Ohnehin muss man an Späths Vermögen, die Realität wahrzunehmen, zweifeln, wenn man die flotten Sprüche hört, die er z.B. in einem Vortrag im Mai 2000 in Passau von sich gab. Den seiner Meinung nach grossen Unterschied zwischen der angeblich erfolgreichen amerikanischen Wirtschaftspolitik und der deutschen Misere beschrieb Späth anhand des folgenden Beispiels: "Der Amerikaner kommt vom Kundengespräch zurück und sagt: ,Der Kunde will den absoluten Schwachsinn, aber ich habe mich erkundigt - er ist zahlungsfähig.' Wenn Sie Unternehmer werden wollen, müssen Sie immer so anfangen: ,Wo ist der zahlungskräftige Kunde?'" An Schwachsinn herrscht sicherlich kein Mangel, aber ob noch genügend zahlungskräftige Kunden vorhanden sind, falls Späth nach einem Wahlsieg Stoibers das Wirtschaftsministerium übernimmt? Späth ist ja, wie er wiederholt erklärt hat, der Meinung, es sei ganz eindeutig, wo man Autos zu produzieren habe, wenn der Stundenlohn in Wolfsburg 50 Mark (25 Euro) und in Asien 1 Mark (0,50 Euro) betrage. Es sei auch billiger und einfacher, Chips vom Produzenten in Singapur nach München zu bringen, als von München nach Passau, hat Späth in dem oben erwähnten Passaür Vortrag vor zwei Jahren behauptet. Globalisierungsexperimente dieser Art würden für die deutsche Wirtschaft um ein Vielfaches teurer als das Projekt Treuhand-Späth-Jena, das den Steürzahler von 1991 bis 1994 immerhin 3,5 Mrd. DM kostete.

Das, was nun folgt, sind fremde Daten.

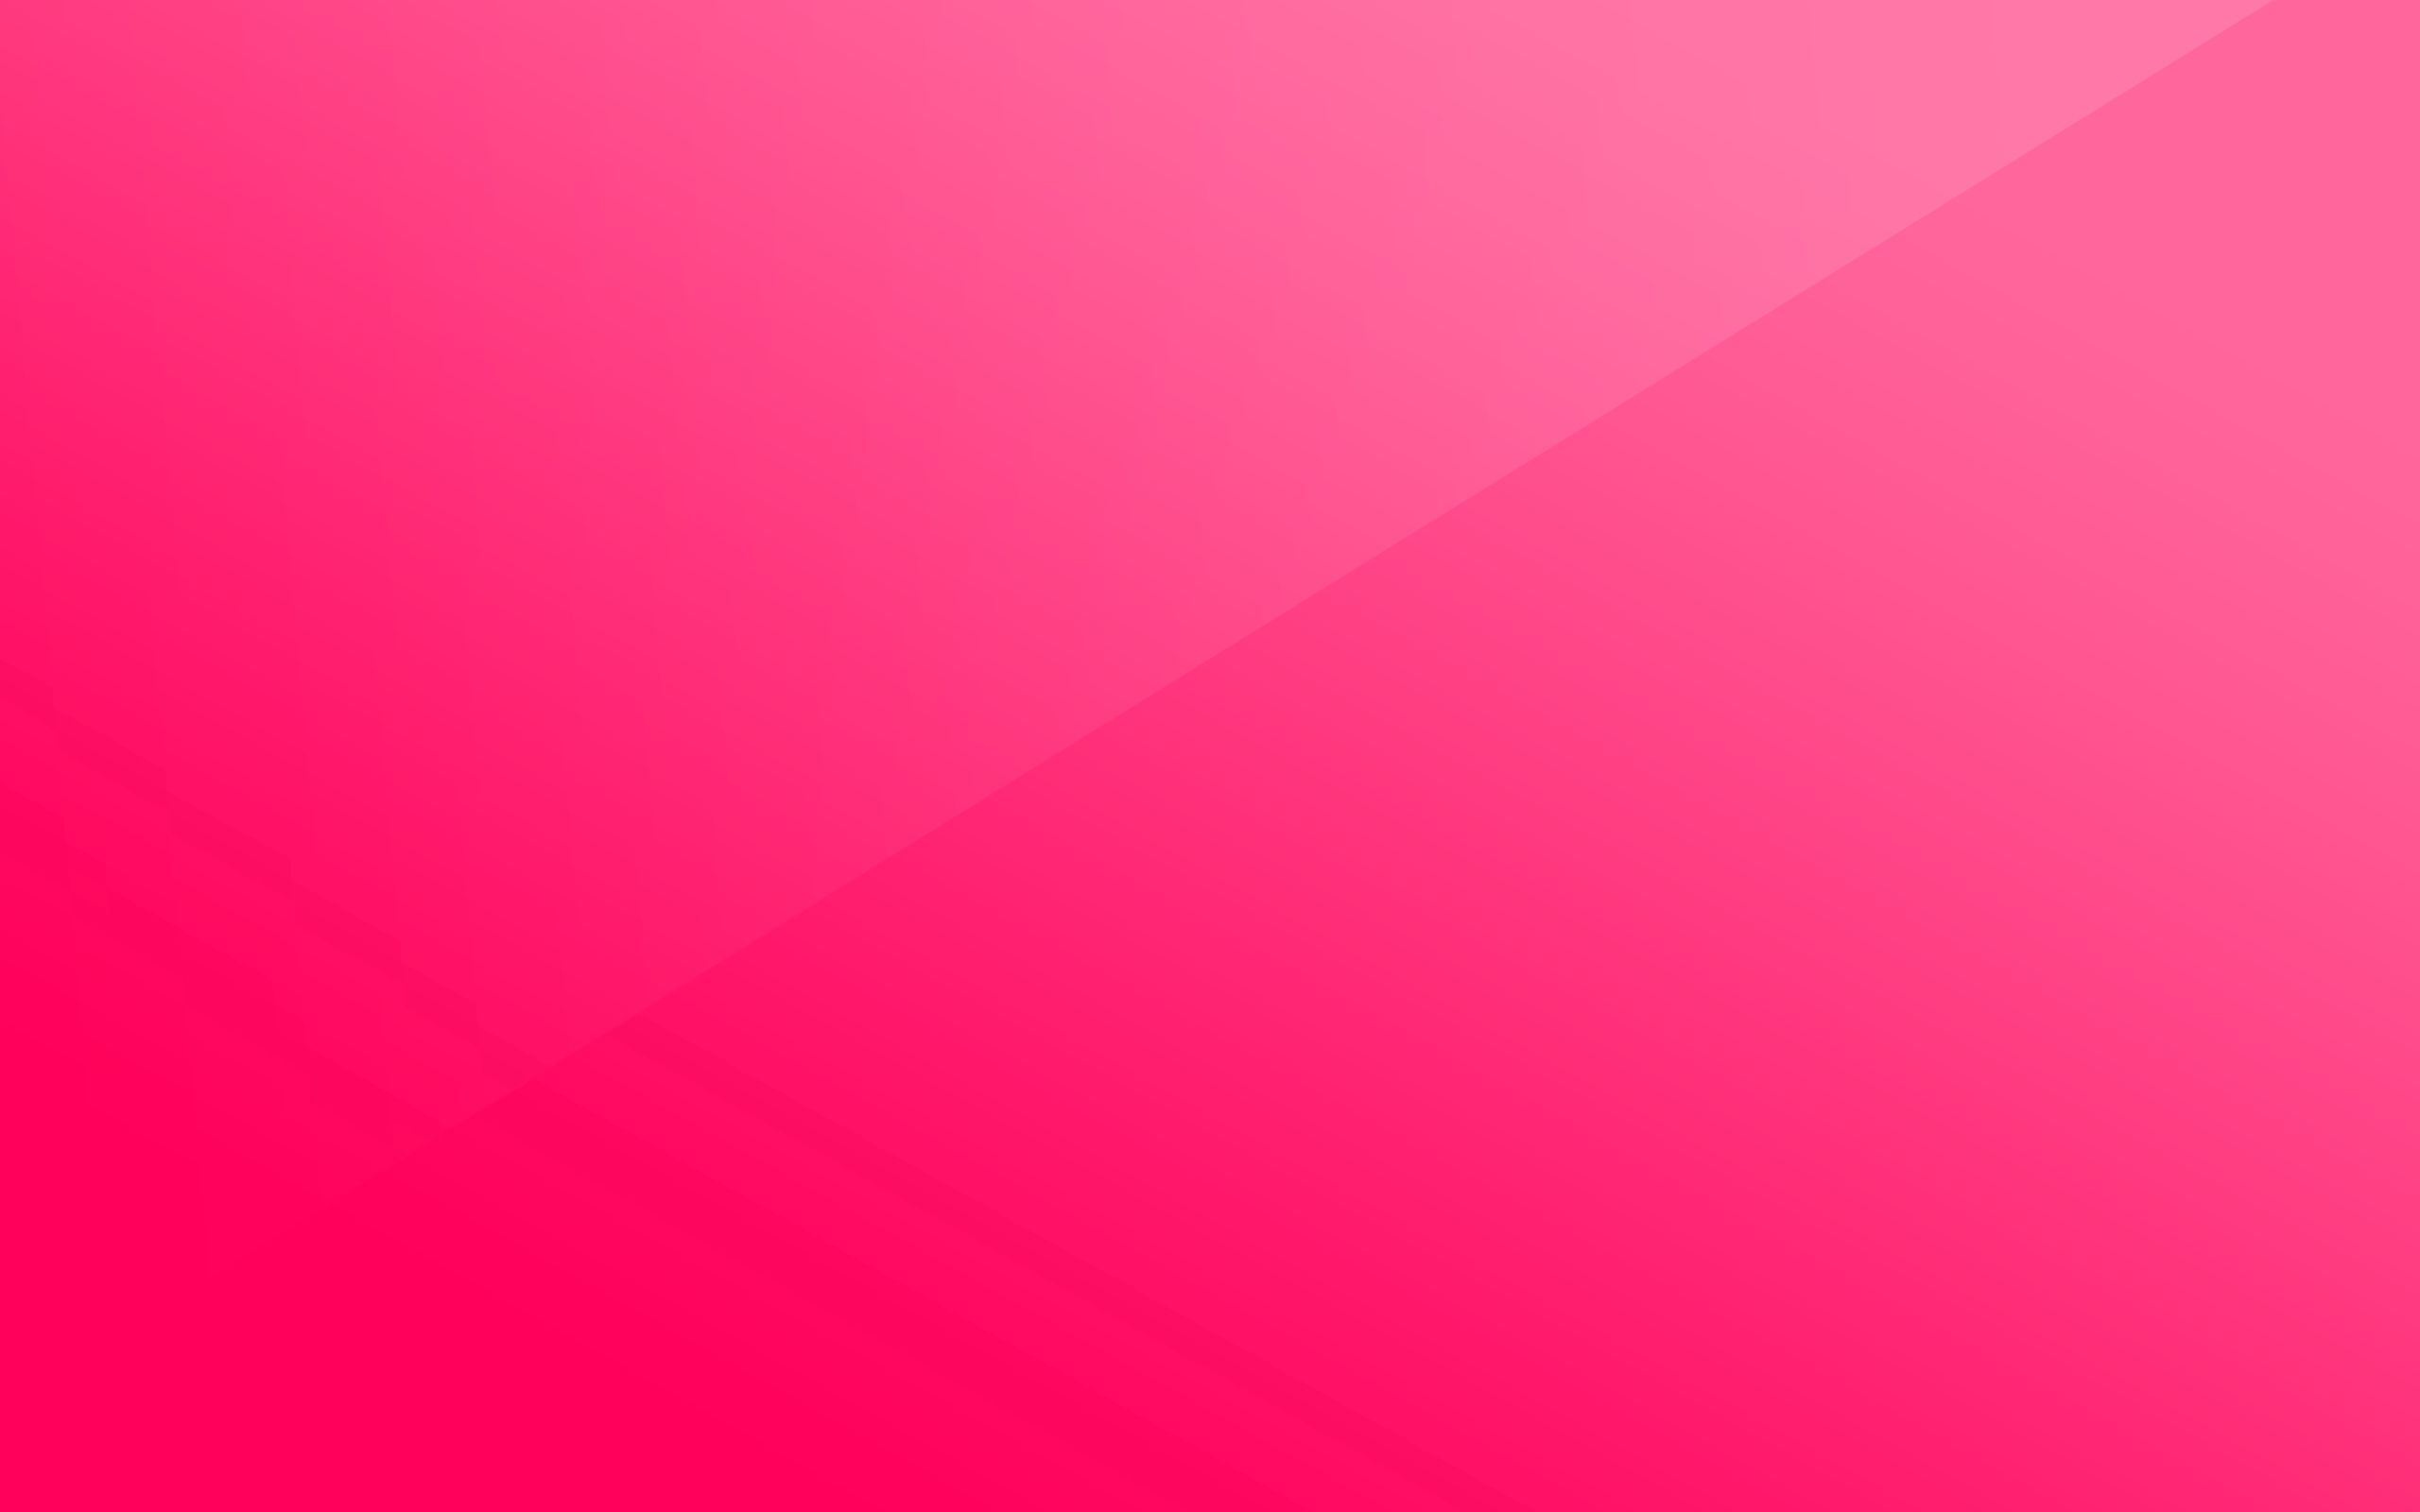 Pink 1080p

Was Stoiber sich dabei gedacht hat, ausgerechnet Späth in sein "Kompetenzteam" zu berufen, ist nicht so ganz klar, und ob ihm diese Berufung am Ende nicht mehr ärger als Nutzen verschafft, wird sich zeigen. Späth zumindest mag schon an einen Posten in einer künftigen Grossen Koalition gedacht haben, als er vor knapp zwei Wochen den Entwurf der Hartz-Kommission zur Arbeitsmarktreform als "revolutionär" lobte und den amtierenden Kanzler Schröder aufforderte, die Empfehlungen des SPD-Mitglieds Peter Hartz als "Chefsache" noch vor der Wahl zu verwirklichen.